Орехов взглянул вслед Орлову, увидел, что тот задержался возле ребятишек, и, повинуясь пробужденному отцовскому чувству, сошел с чердака вниз. В лежащей под яблоней кепке с большим сломанным козырьком виднелись гвозди, пуговицы, черенки от ножей, черепки от посуды. Мальчик лет трех, с большой головой на тонкой шейке, доверчиво показал Орехову в протянутой ручонке круглую металлическую брошку, видимо, найденную тут же.

— Мамкина! — сказал мальчик с обычной ребячьей гордостью за мать, которая обладала такой изумительно блестящей игрушкой. Мальчик опустил ручонку и молча смотрел на важного военного.

— Он ничего еще не понимает! — хмуро сказал старший паренек.

— Наверно, немцы убили, — тихо заметил Орлов.

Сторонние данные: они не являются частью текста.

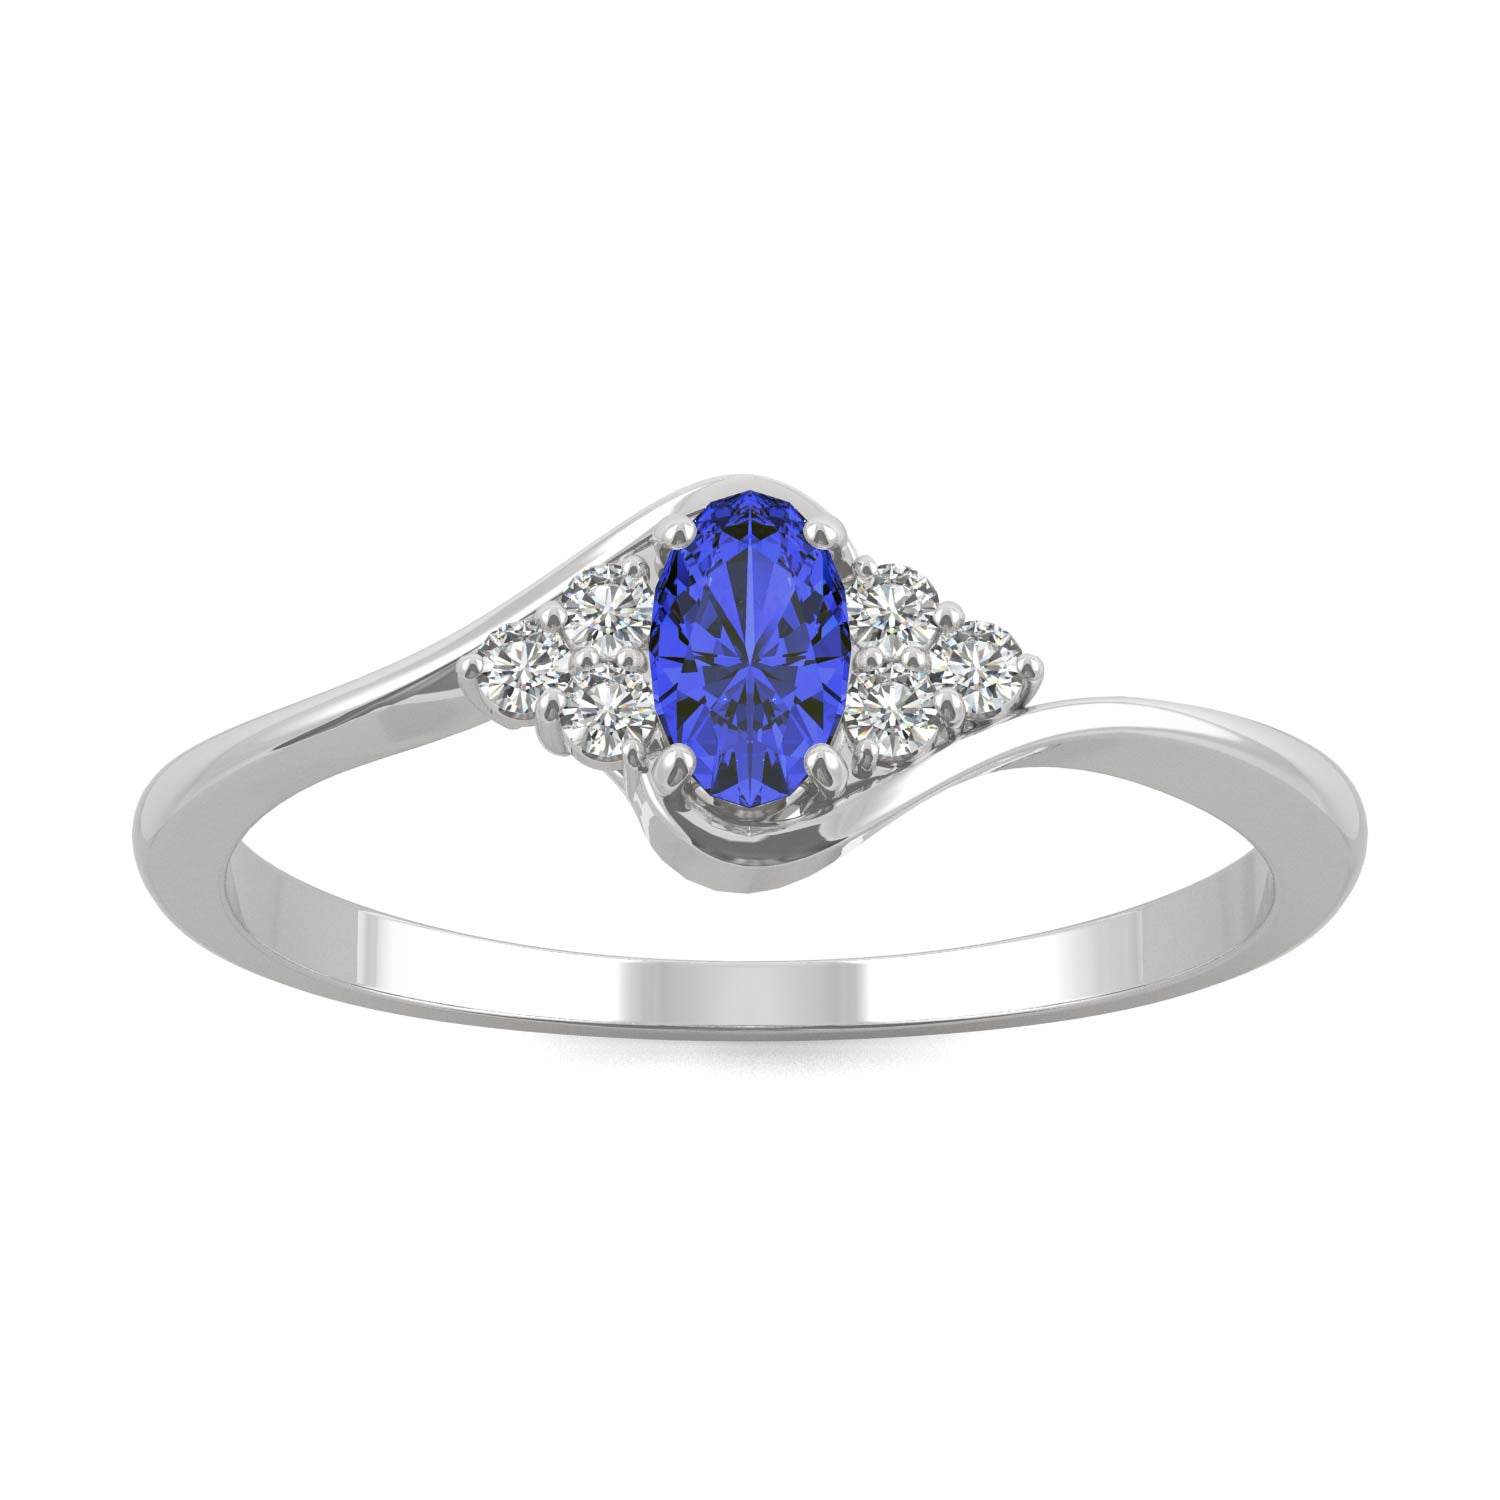 0.37 CTW DEW Oval Sapphire Bypass Ring in 14K White Gold

Орехов перевел взгляд с ребятишек на разведчика, снова взглянул на ребятишек, и ему подумалось, что в лице Дмитрия можно различить нежные ребячьи, а в лицах мальчиков взрослые солдатские черты.

«Дети воюют, взрослеют на войне!» — подумал Орехов. И, вспоминая своих сыновей, закончил вслух:

— Настоящими людьми становятся и станут, да, станут. Несмотря ни на что!

В этот душный вечер, насыщенный, казалось, предстоящим жаром битвы, полковник (теперь уже полковник) Орехов, может быть, впервые почувствовал спокойную уверенность за будущее своих детей. Уверенность, которой ему не хватало долгое время. Он подумал о том, что, если даже с женой его, не дай бог, случится дурное, если и он сам погибнет, все равно могучая солдатская слава будет стоять рядом с его мальчиками и не даст их в обиду.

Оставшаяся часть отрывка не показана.